● Exercise goal
Your answer should be the lines from the one with "Easy Buttermilk Pie | Bake to the roots" to the end of the data below, both included, exact and free of pictures.

● Available data
● ● ●

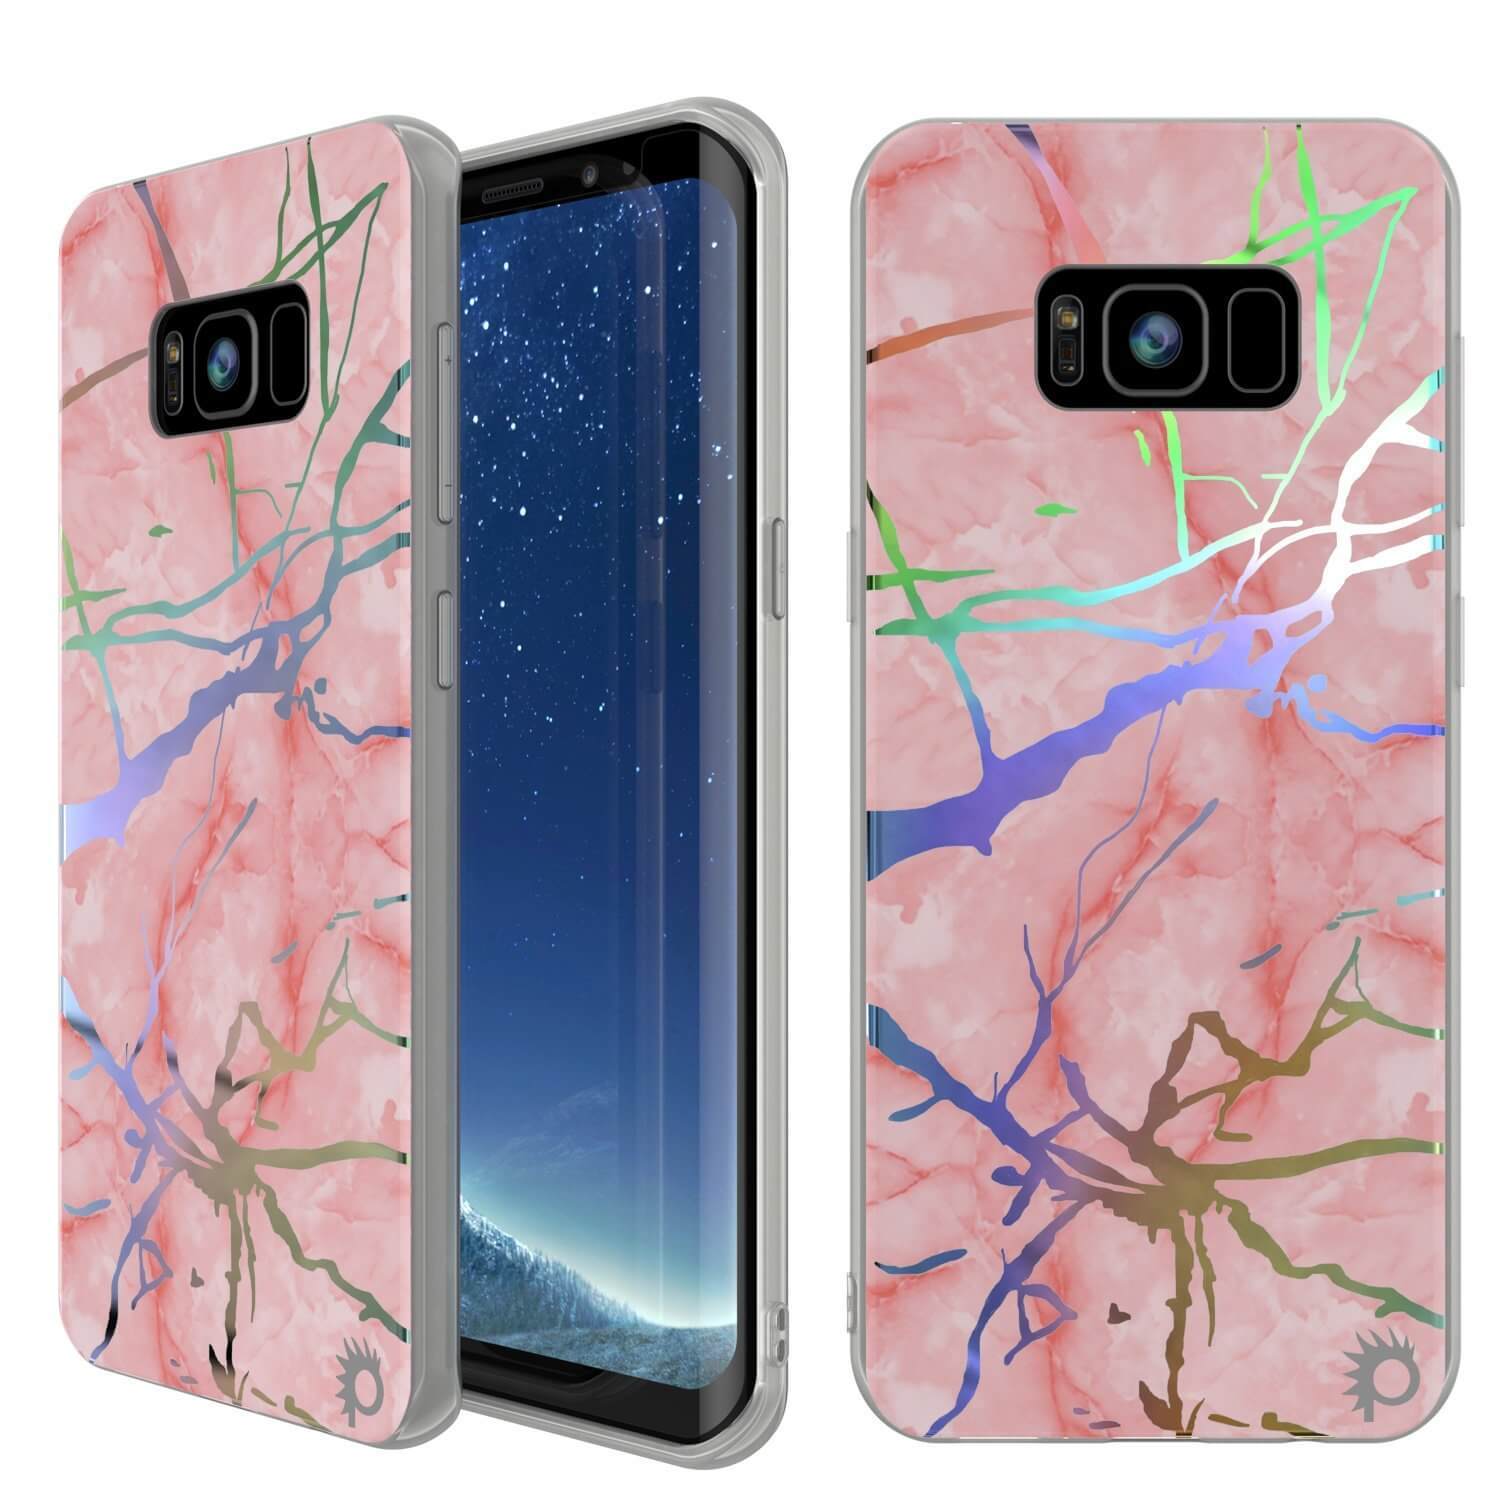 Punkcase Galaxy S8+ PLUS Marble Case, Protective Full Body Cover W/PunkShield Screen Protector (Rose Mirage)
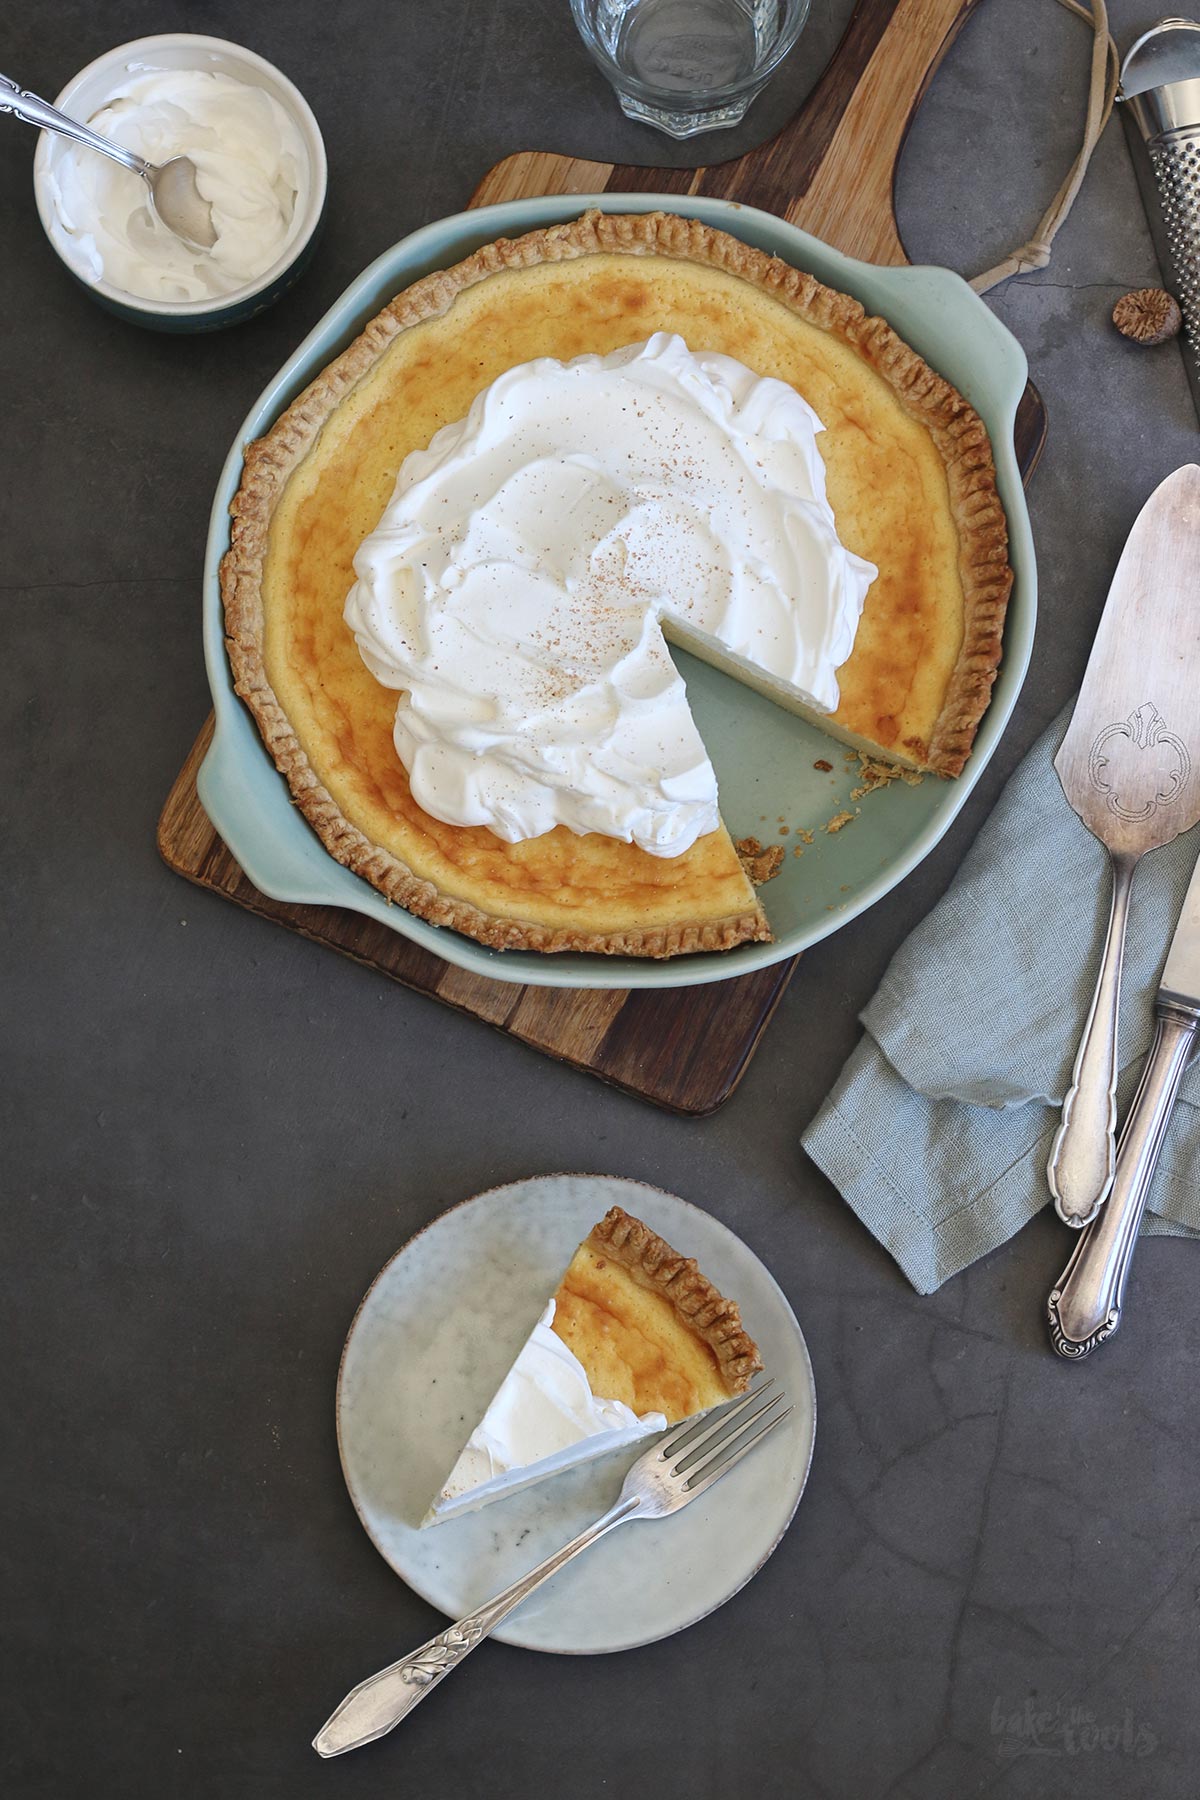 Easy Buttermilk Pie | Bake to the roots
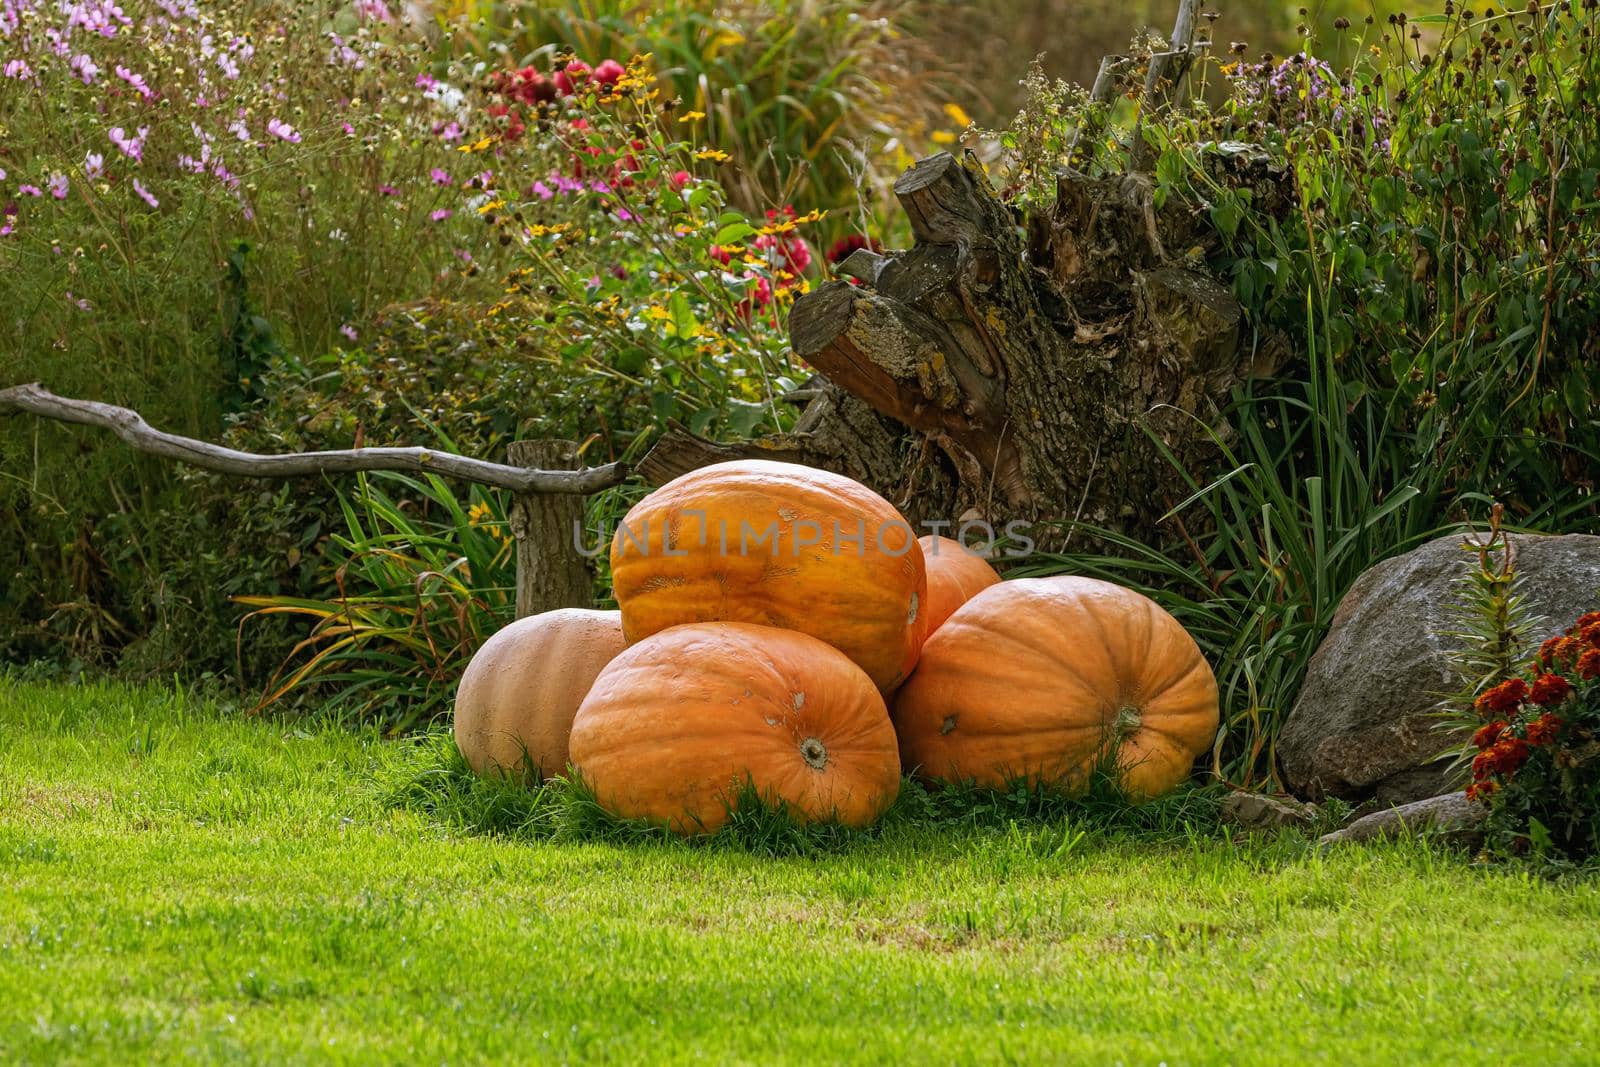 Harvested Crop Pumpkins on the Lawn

● ● ●

● Your response
 Easy Buttermilk Pie | Bake to the roots
 Harvested Crop Pumpkins on the Lawn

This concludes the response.